Obviously, such a perspective goes way beyond France's capacities to influence international developments, even if it enjoys – sporadic – German support. However, what Macron is trying to do cannot be seen as the personal ambition of a young, gifted politician. He personalizes the most visible example of another way of doing politics against a panel of terribly dangerous populist politicians, starting with U.S. President Donald Trump, and encompassing more and more candidates, like Brazilian President Jair Bolsonaro and Italian Deputy Prime Minister Matteo Salvini, among others.
The summit in Biarritz saw a surprising last-minute invitee, Iranian Foreign Minister Javad Zarif, whose plane landed in France, where he then held a three-hour meeting with his French counterpart, with the brief participation of Macron in person. However, Zarif did not meet with any other G7 leader, and Trump ostensibly ignored his presence.
Speaking of Trump, he represents practically all the dangers and developments the other countries of the G7 dread. He plays almost daily with fire by continuously challenging China concerning trade regulations. Marc Fiorentino concisely explained in his very interesting blog Monfinancier why Trump is being so aggressive about trade wars.
Trump did not seriously envisage being elected president. His ambition was to be a vocal contender against Hillary Clinton and after a probable defeat against her, to remain as a spokesperson of American neoconservatives. With his ability to market anything, he would probably have made a juicy business out of his defeat. Against all odds, he was elected, without any preparation for his presidency. The waffling of his difficult-to-understand politics, his back-and-forth moves on almost every issue and the terribly high turnover in his top team at the helm of the federal government are eloquent enough examples of his unpreparedness.
Now that he is in the third year of his presidency, he wants to be reelected, badly. For that to happen, he needs three major positive developments: High growth – at least 2% yearly, low unemployment and a stock exchange in good shape, because American pension funds are all in the stock market. He thus needs low interest rates and increased U.S. domestic production. His insistence on trying to pick a fight with China on every occasion is the backbone of his strategy. He also almost daily insults, through tweets, the Chairman of the Federal Reserve, Jay Powell, to put growing pressure on him to lower interest rates. His tactic might be successful in the short term, by seeing the markets go down, due to his insistence on running down China; then the Federal Reserve will have to decrease the rates and the markets will go up, which will more or less coincide with the election period in the U.S.
This very dangerous game could alter world growth. Whether world growth will considerably resume is altogether another story. Anyhow, by totally shifting international commercial relations for short-term gains, the U.S. administration is "cutting off the branch we are all sitting on," to paraphrase an old Turkish idiom.
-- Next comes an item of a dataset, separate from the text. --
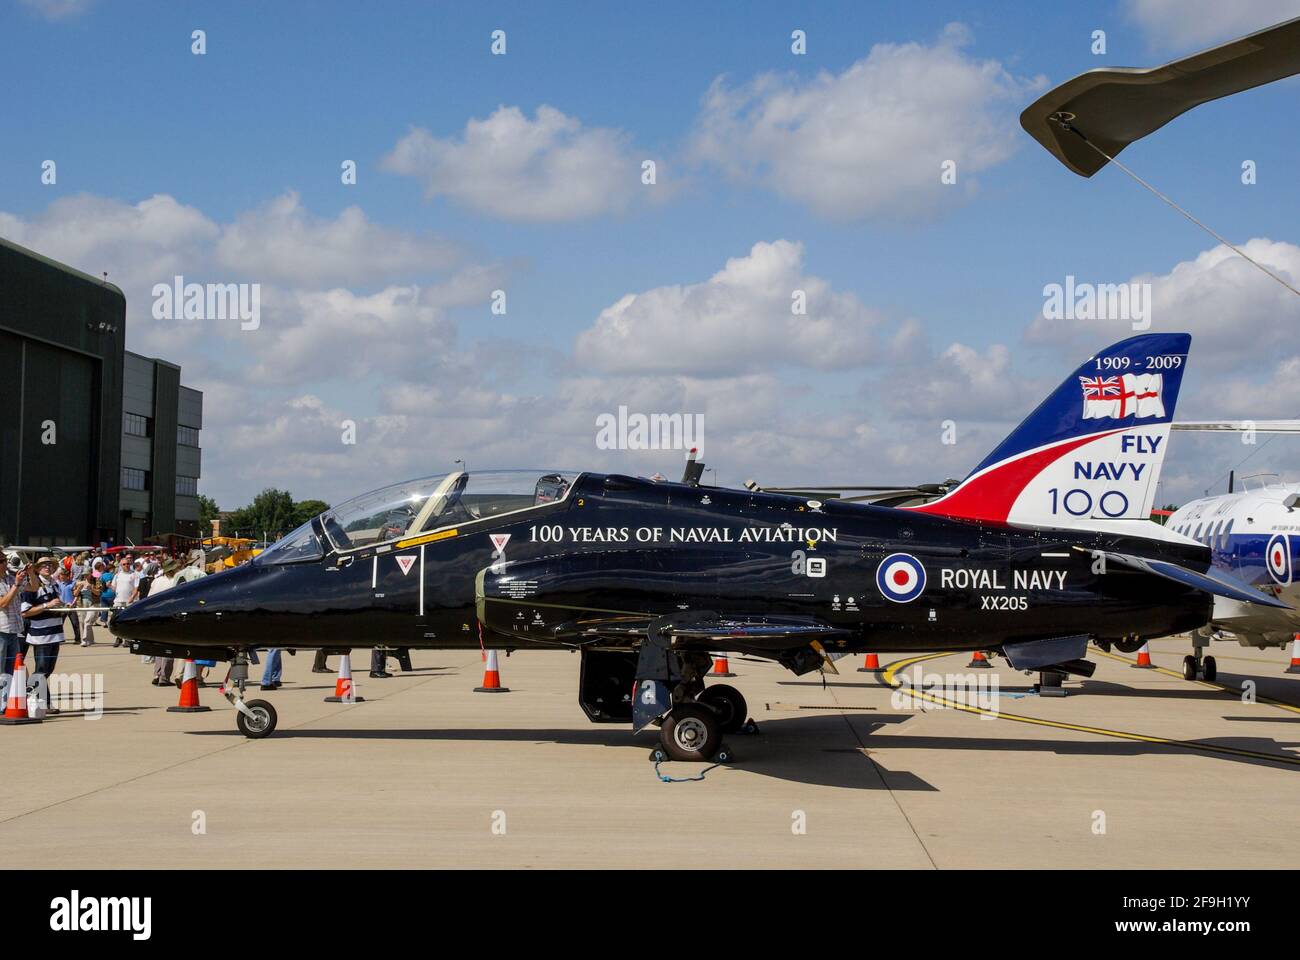 British Aerospace BAe Hawk T1 jet trainer aereo con Fleet Air Arm speciale, Royal Navy centenario, 100 anni di aviazione navale, Fly Navy 100 schema Foto Stock

The G7 summit did not find and could obviously not find any real solutions to all the issues involved, but some modest steps have been taken. All the leaders, with different intonations, have asked Trump to be very cautious in challenging free international trade; though he probably did not even listen to them. Nevertheless, the summit has clearly shown that with Trump as president, global problems are light years away from seeing the semblance of a solution.